In services, the company has deferment of orders by some of the key customers in the A&D and Communications business units and it now expect a marginal sequential growth of 1 per cent to 2 per cent in services, it added.
Cyient has expected 8.5 per cent to 9.5 per cent growth in the services business in constant currency for FY19. Earlier, the company had expected 10 per cent plus growth in the services business.
The company expects operating margin for FY19 to remain the same -- flat to marginally higher -- as mentioned in the earnings call after Q3 FY19 results.
Meanwhile, it said the company has bought back 2.66 million shares at an average price of Rs 647.70.
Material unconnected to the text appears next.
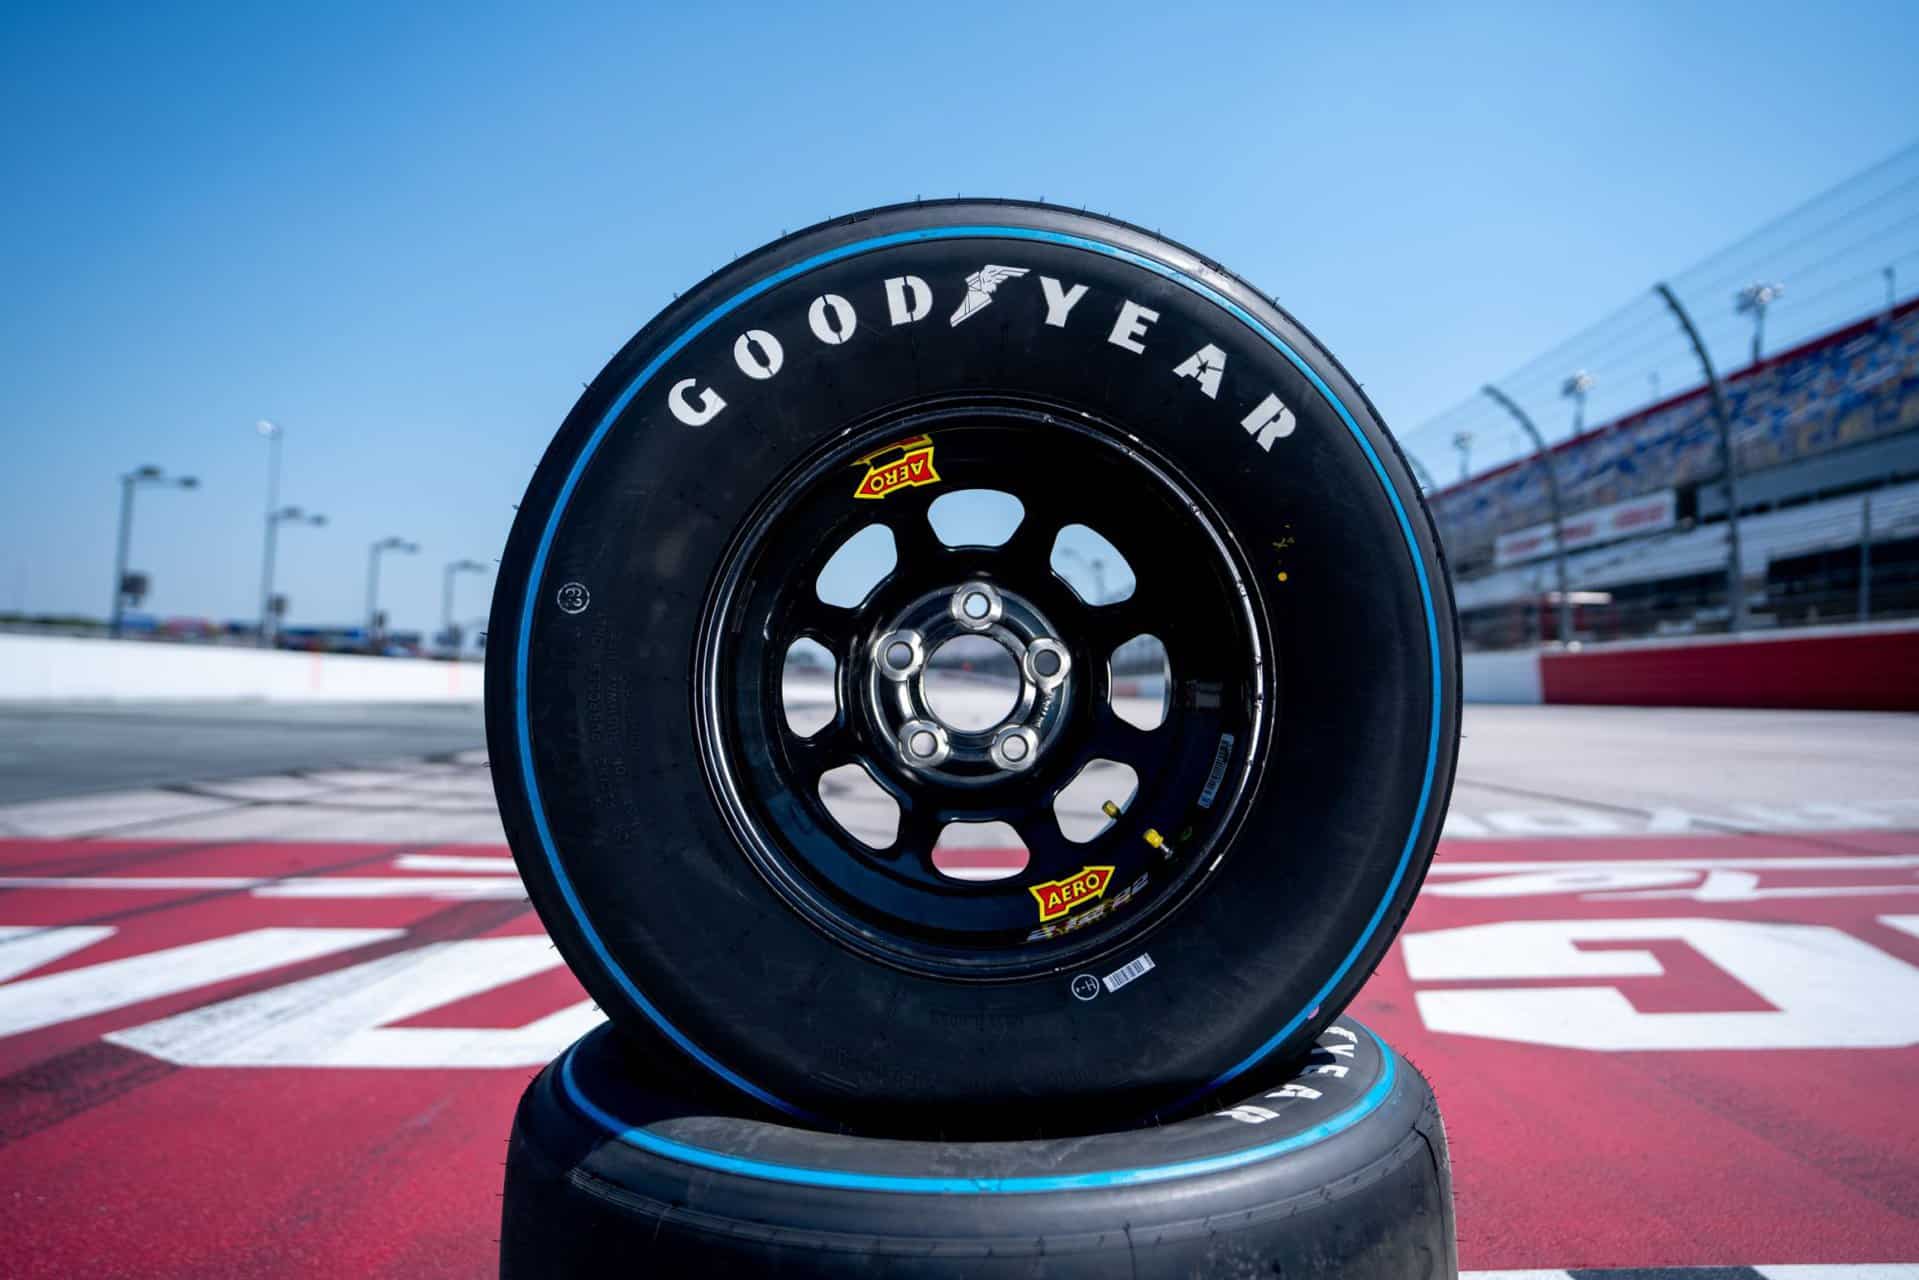 Goodyear bringing retro tyre look to NASCAR - Tyrepress

“The company has cautioned about a weak Q4FY19, impacted by client specific issues in both services and DLM business. Thus it will miss its FY19 revenue guidance. The services business has seen deals for some of its key clients in Aerospace & Defense and Communications verticals (58 per cent of services revenue) are deferred to FY20. While DLM business was impacted by a delay in regulatory clearances for one of its client,” analysts at IDBI Capital said in event update.
The brokerage firm believes re-rating in the stock will have to wait for pick-up in revenue growth especially in the services business.